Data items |
__________

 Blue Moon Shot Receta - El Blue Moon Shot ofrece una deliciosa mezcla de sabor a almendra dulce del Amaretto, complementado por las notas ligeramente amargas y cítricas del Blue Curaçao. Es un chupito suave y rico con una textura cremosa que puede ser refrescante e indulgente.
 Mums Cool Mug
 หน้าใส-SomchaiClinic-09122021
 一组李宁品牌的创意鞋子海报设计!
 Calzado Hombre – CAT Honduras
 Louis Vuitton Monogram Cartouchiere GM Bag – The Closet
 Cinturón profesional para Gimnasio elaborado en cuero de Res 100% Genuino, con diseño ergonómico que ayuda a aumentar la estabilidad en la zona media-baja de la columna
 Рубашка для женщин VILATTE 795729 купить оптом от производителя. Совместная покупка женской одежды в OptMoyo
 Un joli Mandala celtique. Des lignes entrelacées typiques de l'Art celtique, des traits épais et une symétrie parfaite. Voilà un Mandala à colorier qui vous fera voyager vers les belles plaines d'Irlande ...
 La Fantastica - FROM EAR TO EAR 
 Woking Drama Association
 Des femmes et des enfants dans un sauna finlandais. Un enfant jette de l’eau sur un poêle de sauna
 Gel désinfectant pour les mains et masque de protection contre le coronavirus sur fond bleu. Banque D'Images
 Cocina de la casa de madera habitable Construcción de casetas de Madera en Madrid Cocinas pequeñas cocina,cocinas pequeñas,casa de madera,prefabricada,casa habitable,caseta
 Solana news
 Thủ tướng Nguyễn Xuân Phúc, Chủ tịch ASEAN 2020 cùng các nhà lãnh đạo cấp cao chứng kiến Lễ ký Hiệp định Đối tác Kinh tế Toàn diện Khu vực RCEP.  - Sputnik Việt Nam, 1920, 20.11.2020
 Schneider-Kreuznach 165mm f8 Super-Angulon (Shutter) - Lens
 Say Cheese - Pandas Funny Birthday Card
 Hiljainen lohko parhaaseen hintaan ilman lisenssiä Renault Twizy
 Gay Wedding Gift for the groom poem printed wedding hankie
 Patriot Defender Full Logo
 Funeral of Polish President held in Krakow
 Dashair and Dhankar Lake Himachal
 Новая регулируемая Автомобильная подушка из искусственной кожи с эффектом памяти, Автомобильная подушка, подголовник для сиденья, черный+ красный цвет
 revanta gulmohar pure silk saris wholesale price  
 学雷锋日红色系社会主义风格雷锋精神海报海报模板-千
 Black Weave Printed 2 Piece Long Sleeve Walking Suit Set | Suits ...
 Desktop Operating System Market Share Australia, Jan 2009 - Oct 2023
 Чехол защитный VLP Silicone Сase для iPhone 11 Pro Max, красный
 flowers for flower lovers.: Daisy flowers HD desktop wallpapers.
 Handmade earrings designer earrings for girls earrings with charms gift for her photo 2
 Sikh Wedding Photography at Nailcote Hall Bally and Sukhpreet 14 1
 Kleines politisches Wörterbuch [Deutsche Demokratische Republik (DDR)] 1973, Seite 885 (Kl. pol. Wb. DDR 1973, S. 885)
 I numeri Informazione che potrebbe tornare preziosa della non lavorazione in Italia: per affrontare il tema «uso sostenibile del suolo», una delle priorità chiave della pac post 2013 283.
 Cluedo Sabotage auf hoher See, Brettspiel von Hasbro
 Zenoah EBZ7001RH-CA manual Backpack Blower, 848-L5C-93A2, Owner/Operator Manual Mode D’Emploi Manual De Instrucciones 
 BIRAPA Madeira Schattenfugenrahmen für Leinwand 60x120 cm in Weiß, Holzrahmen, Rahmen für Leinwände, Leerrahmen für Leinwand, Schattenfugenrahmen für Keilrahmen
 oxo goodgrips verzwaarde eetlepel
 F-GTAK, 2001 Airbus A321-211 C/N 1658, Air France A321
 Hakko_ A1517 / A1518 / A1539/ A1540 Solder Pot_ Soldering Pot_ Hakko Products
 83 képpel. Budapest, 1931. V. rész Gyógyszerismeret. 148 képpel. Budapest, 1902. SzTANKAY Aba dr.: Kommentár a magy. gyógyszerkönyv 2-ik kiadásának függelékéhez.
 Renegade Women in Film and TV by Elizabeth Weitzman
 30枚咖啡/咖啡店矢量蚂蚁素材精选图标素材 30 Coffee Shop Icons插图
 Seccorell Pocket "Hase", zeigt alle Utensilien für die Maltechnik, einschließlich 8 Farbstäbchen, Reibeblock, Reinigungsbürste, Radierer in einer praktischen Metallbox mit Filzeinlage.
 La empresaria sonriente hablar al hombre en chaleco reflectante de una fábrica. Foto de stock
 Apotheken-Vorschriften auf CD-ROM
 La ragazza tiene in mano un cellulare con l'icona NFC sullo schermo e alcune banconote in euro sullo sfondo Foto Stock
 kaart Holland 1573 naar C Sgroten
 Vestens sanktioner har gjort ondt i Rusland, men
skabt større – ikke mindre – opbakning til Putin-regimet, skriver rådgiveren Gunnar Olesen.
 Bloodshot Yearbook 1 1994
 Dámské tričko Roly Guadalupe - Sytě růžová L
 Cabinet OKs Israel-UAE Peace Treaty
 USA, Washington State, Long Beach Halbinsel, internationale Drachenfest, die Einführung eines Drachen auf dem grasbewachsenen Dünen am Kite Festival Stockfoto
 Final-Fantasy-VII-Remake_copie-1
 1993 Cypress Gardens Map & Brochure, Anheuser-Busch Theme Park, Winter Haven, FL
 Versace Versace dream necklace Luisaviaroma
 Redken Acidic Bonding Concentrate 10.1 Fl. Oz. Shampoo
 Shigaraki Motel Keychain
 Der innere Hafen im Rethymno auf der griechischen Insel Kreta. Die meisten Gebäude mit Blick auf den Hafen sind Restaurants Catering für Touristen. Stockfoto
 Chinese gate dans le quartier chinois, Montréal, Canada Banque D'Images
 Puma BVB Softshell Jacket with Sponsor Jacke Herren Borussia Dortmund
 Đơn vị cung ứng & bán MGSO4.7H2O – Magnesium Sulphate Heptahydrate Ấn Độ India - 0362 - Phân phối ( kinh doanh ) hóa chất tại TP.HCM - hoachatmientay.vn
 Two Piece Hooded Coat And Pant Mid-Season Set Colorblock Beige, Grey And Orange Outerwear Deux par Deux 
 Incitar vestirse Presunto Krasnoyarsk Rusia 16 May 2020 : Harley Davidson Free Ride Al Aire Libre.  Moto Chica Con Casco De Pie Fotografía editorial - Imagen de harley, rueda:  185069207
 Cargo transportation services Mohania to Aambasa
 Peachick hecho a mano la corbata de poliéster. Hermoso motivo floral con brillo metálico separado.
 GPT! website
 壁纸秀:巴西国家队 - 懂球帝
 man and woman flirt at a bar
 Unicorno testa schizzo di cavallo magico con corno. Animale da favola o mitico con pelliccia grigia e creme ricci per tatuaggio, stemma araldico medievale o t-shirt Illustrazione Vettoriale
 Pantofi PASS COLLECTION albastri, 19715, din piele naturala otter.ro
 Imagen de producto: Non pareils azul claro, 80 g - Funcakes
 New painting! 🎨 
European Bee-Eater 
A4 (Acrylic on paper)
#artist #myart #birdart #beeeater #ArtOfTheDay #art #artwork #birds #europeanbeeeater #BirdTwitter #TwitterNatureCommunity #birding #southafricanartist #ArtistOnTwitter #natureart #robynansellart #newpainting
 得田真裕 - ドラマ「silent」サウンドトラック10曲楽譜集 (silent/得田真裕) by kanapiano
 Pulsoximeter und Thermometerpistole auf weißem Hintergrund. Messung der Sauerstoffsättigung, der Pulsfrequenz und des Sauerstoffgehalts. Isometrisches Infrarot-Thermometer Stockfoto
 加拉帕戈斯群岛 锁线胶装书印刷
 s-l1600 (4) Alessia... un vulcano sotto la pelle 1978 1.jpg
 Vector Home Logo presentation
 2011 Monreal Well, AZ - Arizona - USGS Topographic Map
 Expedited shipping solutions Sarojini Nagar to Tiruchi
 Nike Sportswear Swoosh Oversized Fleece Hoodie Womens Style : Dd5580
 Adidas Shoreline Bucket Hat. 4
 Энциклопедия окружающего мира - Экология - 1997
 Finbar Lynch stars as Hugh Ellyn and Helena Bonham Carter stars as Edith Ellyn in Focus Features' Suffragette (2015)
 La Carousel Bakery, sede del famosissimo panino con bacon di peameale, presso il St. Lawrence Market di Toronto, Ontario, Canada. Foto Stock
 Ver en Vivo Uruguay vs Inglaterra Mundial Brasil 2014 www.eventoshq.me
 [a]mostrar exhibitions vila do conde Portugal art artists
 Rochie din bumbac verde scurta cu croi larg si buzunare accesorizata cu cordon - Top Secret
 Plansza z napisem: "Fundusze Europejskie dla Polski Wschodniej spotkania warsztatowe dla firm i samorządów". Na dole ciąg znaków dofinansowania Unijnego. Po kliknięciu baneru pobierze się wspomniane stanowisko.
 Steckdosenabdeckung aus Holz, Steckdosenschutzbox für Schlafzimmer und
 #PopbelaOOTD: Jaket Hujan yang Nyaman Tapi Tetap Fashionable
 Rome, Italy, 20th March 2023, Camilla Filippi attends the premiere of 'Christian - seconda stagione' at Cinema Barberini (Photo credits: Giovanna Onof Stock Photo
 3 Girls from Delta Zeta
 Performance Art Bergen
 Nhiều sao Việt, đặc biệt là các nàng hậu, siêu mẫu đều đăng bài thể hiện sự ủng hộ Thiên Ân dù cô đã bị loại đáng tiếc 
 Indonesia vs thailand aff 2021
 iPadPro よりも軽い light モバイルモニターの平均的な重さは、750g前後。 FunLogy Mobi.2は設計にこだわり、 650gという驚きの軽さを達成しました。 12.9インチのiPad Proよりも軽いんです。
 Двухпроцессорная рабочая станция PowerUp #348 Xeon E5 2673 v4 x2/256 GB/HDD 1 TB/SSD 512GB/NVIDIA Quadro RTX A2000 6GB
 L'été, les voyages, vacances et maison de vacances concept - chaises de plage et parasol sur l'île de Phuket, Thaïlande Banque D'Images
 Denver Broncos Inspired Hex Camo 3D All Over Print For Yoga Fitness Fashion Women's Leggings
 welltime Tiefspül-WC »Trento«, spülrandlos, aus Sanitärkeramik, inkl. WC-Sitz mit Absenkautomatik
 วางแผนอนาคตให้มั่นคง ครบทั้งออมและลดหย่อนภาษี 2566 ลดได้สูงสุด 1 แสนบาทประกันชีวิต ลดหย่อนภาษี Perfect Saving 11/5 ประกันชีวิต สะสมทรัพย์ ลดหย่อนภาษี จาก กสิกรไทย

__________

WHAT TO PRODUCE |
Copy the lines of the entries above that mention "with".

ANSWER TO THIS PROBLEM |
 Handmade earrings designer earrings for girls earrings with charms gift for her photo 2
 Puma BVB Softshell Jacket with Sponsor Jacke Herren Borussia Dortmund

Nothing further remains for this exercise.